Single by Mark Owen

from the album How the Mighty Fall
- B-side: "Good For Me"
- Released: 7 June 2004
- Recorded: 2003–2004
- Genre: Pop
- Length: 3:50
- Label: Sedna
- Songwriters: Mark Owen Paul Freeman
- Producer: Tony Hoffer

Mark Owen singles chronology
| "Alone Without You" (2003) | "Makin' Out" (2004) | "Believe in the Boogie" (2005) |

= Makin' Out =

"Makin' Out" is the first single to be released from Take That band member Mark Owen's independently released third solo album, How the Mighty Fall.
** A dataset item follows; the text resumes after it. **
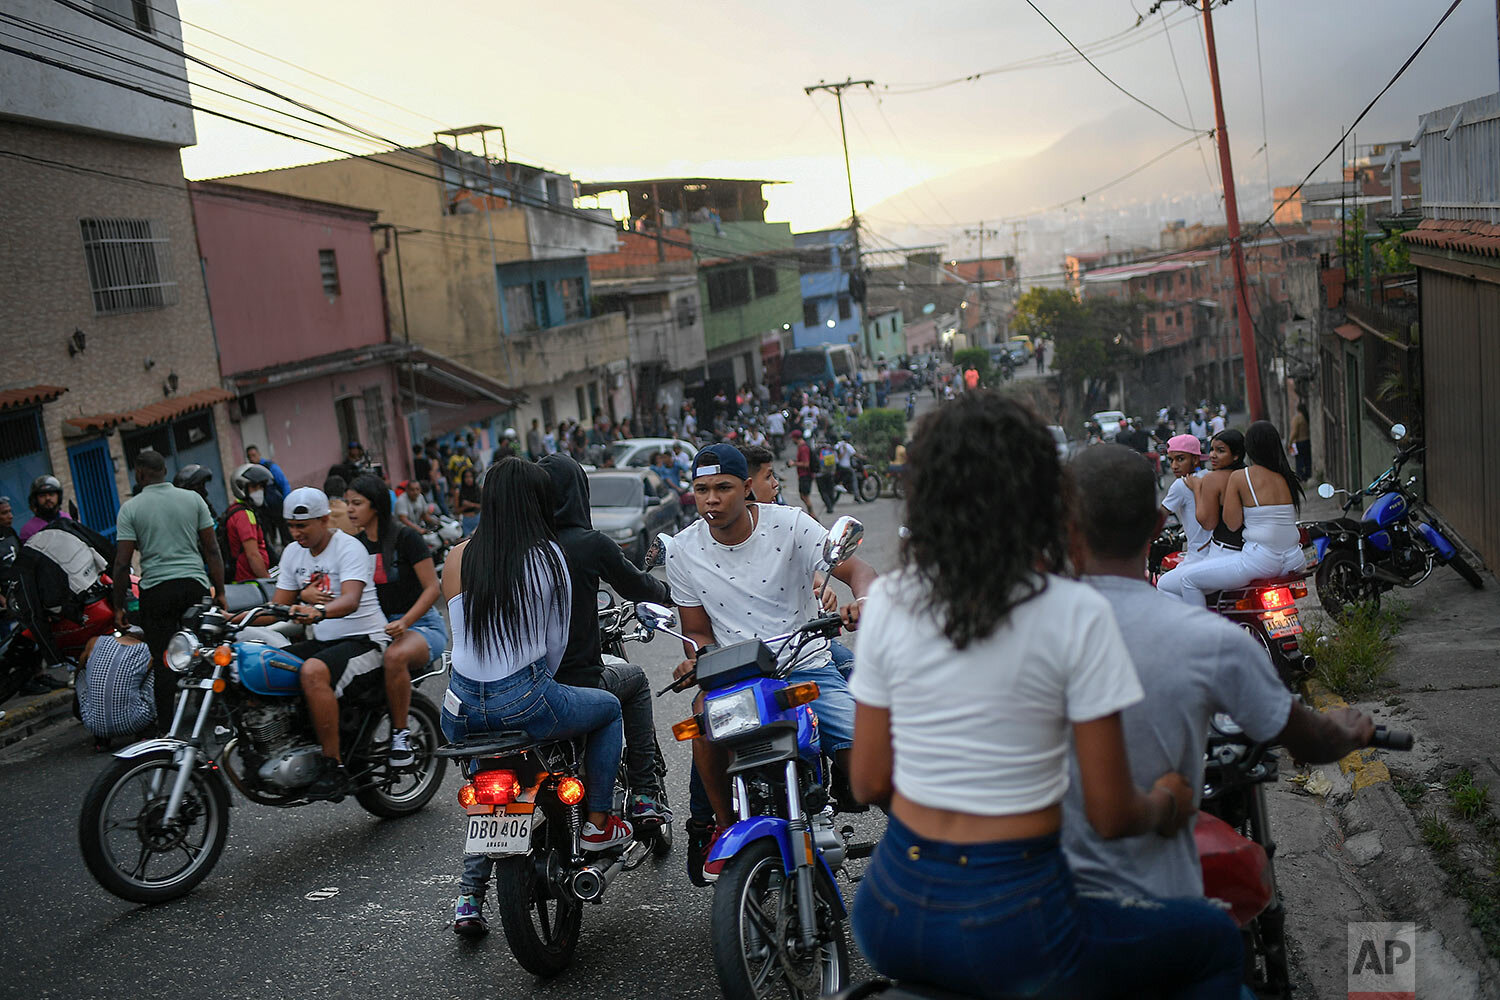  Motorcycle riders gather to see stuntman Pedro Aldana do an exhibition performance in Caracas, Venezuela, Sunday, Jan. 31, 2021. (AP Photo/Matias Delacroix)

The single was released on 7 June 2004. The single peaked at #30 on the UK Singles Chart, and in an interview with BBC Radio 1, Owen blamed this upon poor promotion. "Makin' Out" became the most successful of Mark's independently released singles.

==Track listing==
- UK CD single #1
1. "Makin' Out" – 3:50
2. "Good For Me" – 4:11

- UK CD single #2
3. "Makin' Out" – 3:50
4. "Makin' Out" [Demo Version] – 3:18
5. "Makin' Out" [Enhanced Video – Seven Minute Short Film Version] – 7:00

==Chart performance==

| Chart (2004) | Peak Position |
|---|---|
| Scottish Singles Sales (Official Charts) | 29 |
| UK Singles (Official Charts) | 30 |

==Covers==
Pomplamoose covered this song on their album "Tribute to Famous People."